Show a clean solution
upload.py
from pathlib import Path
from uuid import uuid4
from fastapi import (
    FastAPI, UploadFile, HTTPException, BackgroundTasks, status,
)

app = FastAPI()
UPLOAD_DIR = Path("./uploads")
UPLOAD_DIR.mkdir(exist_ok=True)
MAX_BYTES = 20 * 1024 * 1024

def queue_ingest(job_id: str, path: Path):
    # in real life: hand this to Celery/RQ, not a background task
    ...

@app.post("/upload", status_code=status.HTTP_202_ACCEPTED)
async def upload(file: UploadFile, tasks: BackgroundTasks):
    if file.content_type != "application/pdf":
        raise HTTPException(415, "Only PDF files are accepted")

    job_id = str(uuid4())
    dest = UPLOAD_DIR / f"{job_id}.pdf"
    written = 0
    with open(dest, "wb") as out:
        while chunk := await file.read(1024 * 1024):
            written += len(chunk)
            if written > MAX_BYTES:
                out.close()
                dest.unlink(missing_ok=True)
                raise HTTPException(413, "File too large (20 MB max)")
            out.write(chunk)

    tasks.add_task(queue_ingest, job_id, dest)
    return {"job_id": job_id, "status": "queued"}

Note we check size while streaming, not after reading the whole thing into memory — that way an oversized upload never gets fully buffered.

8 · Flashcards

Tap a card to flip it. Answer out loud first.

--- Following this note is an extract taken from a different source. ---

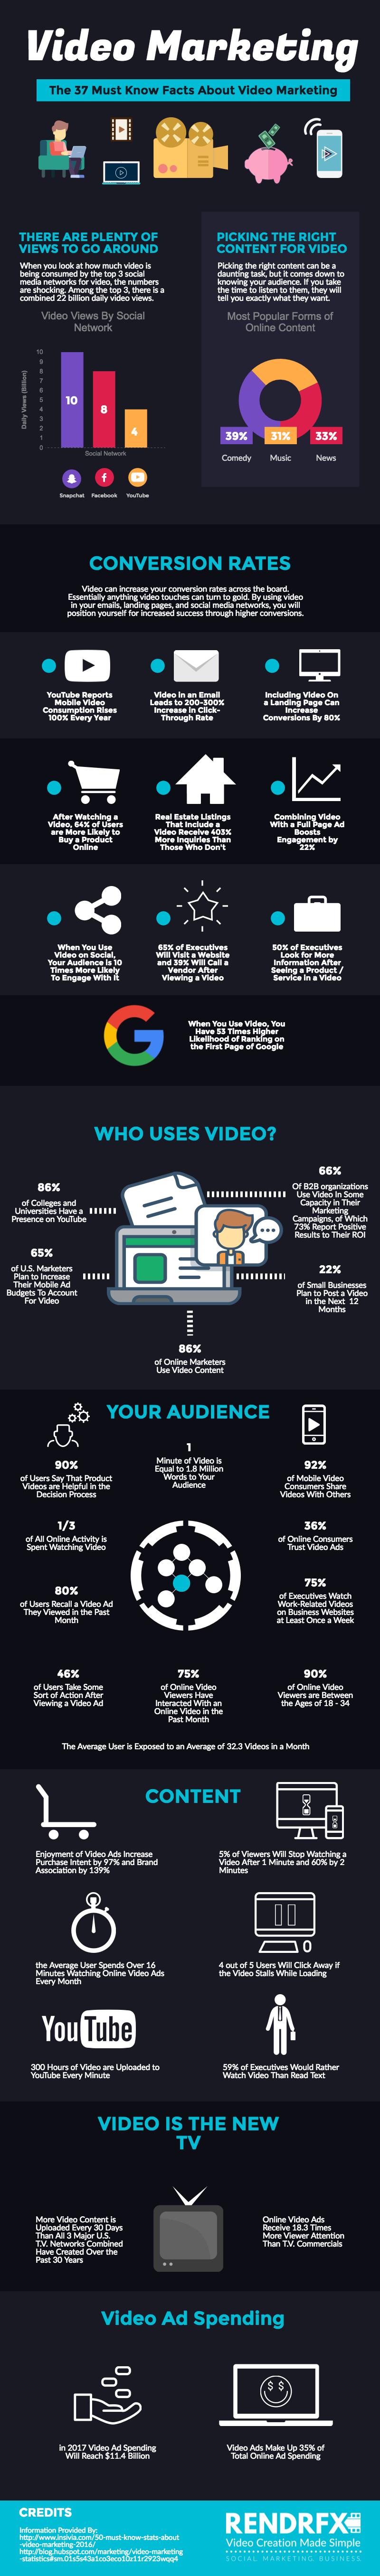 37 Key Statistics for Video Marketing - Infographic

Which package must you install to accept file uploads?
python-multipart. Forms and files arrive as multipart data, and FastAPI needs it to parse them.
tap to flip
What type do you annotate an uploaded file with?
UploadFile — an async, spooled file. Large files spill to a temp file so you don't exhaust RAM.
tap to flip
Modern way to run startup/shutdown logic?
A lifespan async context manager passed to FastAPI(lifespan=...). Code before yield = startup, after = shutdown. @app.on_event is deprecated.
tap to flip
What streams an LLM answer token-by-token?
StreamingResponse wrapping an async generator that yields chunks. For browsers, use SSE with media type text/event-stream.
tap to flip
BackgroundTasks vs Celery/RQ?
BackgroundTasks = short fire-and-forget inside the web process. Celery/RQ = heavy, long, retryable jobs in separate workers (PDF embedding).
tap to flip
Status code for "work accepted but not finished"?
202 Accepted — return it when you queue a job and process it off-request. Pair with a job_id the client polls.
tap to flip

9 · Check yourself

Answer from memory — retrieval is what turns "I read it" into "I know it".

Recall quiz

Which package is required to accept uploads?

The modern startup/shutdown mechanism is the:

To stream an answer token-by-token you return a:

The media type for Server-Sent Events is:

For a two-minute PDF embed job you should:

Primary source ⭐ FastAPI docs — Request Files is the canonical reference for uploads. Pair it with Lifespan Events and StreamingResponse. Everything above maps directly to those pages — they're current for FastAPI with Pydantic v2.